Marriage - point of view....

CASE-1
Getting married is very much like going to a restaurant with friends. You order what you want, then you see the other fellow has, you wish you had ordered that.

CASE-2
At the cocktail party, one woman said to another "Aren't you wearing your wedding ring on the wrong finger?" The other replies, "Yes, I am. I married the wrong man".

Case-3
Man is incomplete until he is married. Then he is really finished.

CASE-4
Marriage is an institution in which a nab losses his bachelor's degree and the woman gets her master's.

CASE-5
A little boy asked his father, "Daddy, how much does it cost to get married?" The father replies, " I don't know son, I'm still paying for it."

CASE-6
Young son: Is it true, Dad.
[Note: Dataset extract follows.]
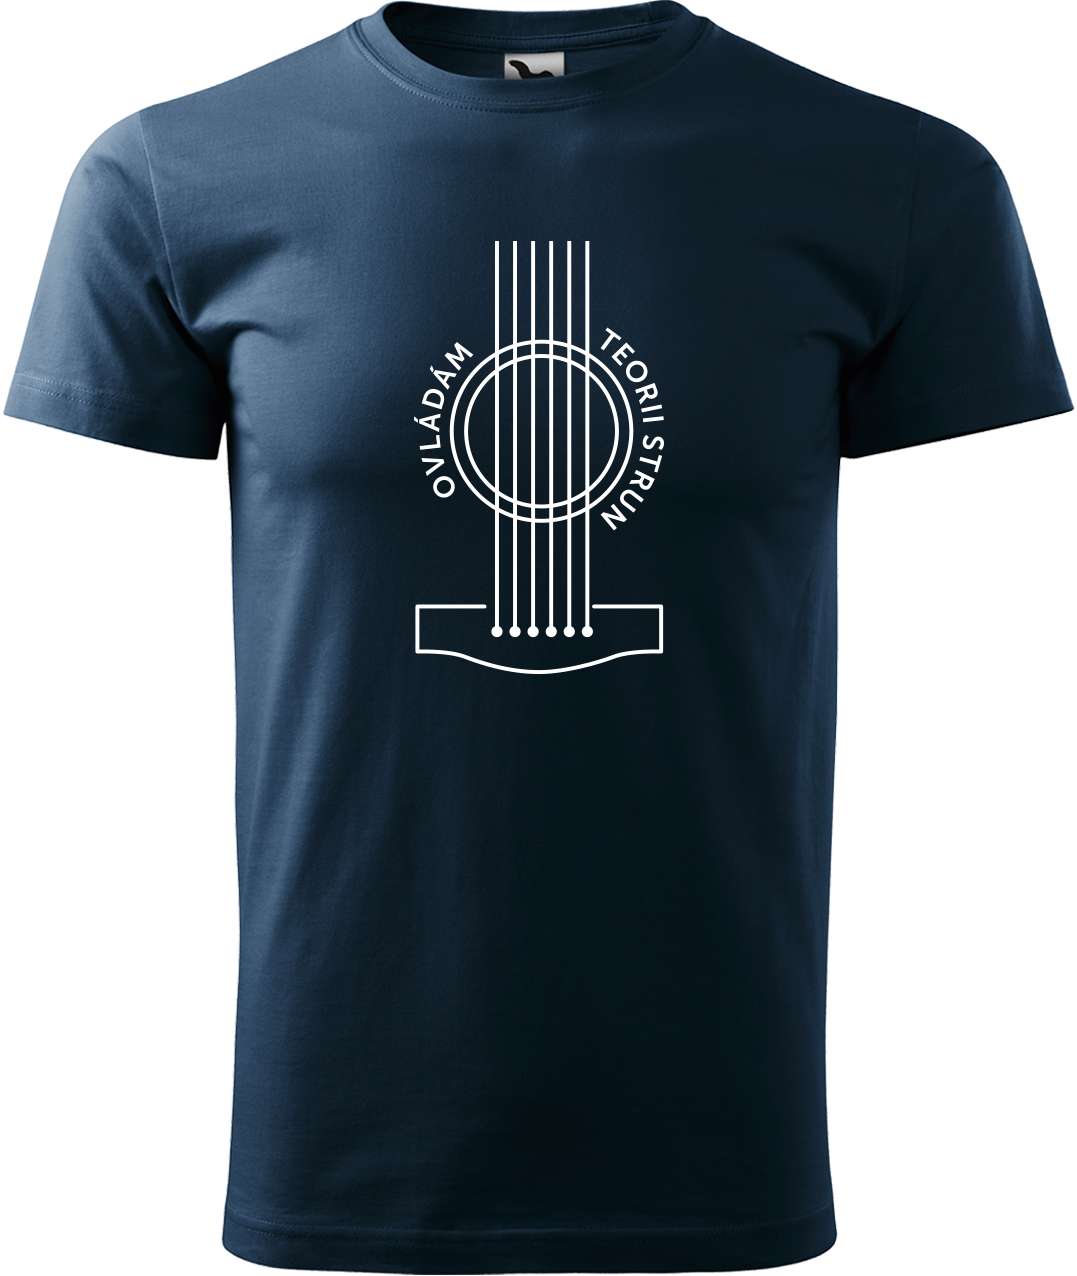 Pánské tričko s kytarou - Teorie strun Velikost: L, Barva: Námořní modrá (02), Střih: pánský

I heard that in some parts of Africa, a man doesn't know his wife until he marries her?" Dad: "That happens in all counties son."

CASE- 7
The there was a man who said, "I never knew what real happiness was until I got married, and then it was too late."

CASE-8
A happy marriage is a matter of give and take; the husband give and the wives take.

CASE-9
After a quarrel, a wife said to her husband. "You know, I was a fool when I married you." And the husband replied, "Yes, dear, but I was in love and didn't notice it."

CASE-10
When a man opens the door of his car for his wife, you can be sure of one thing; either the car is new or his wife.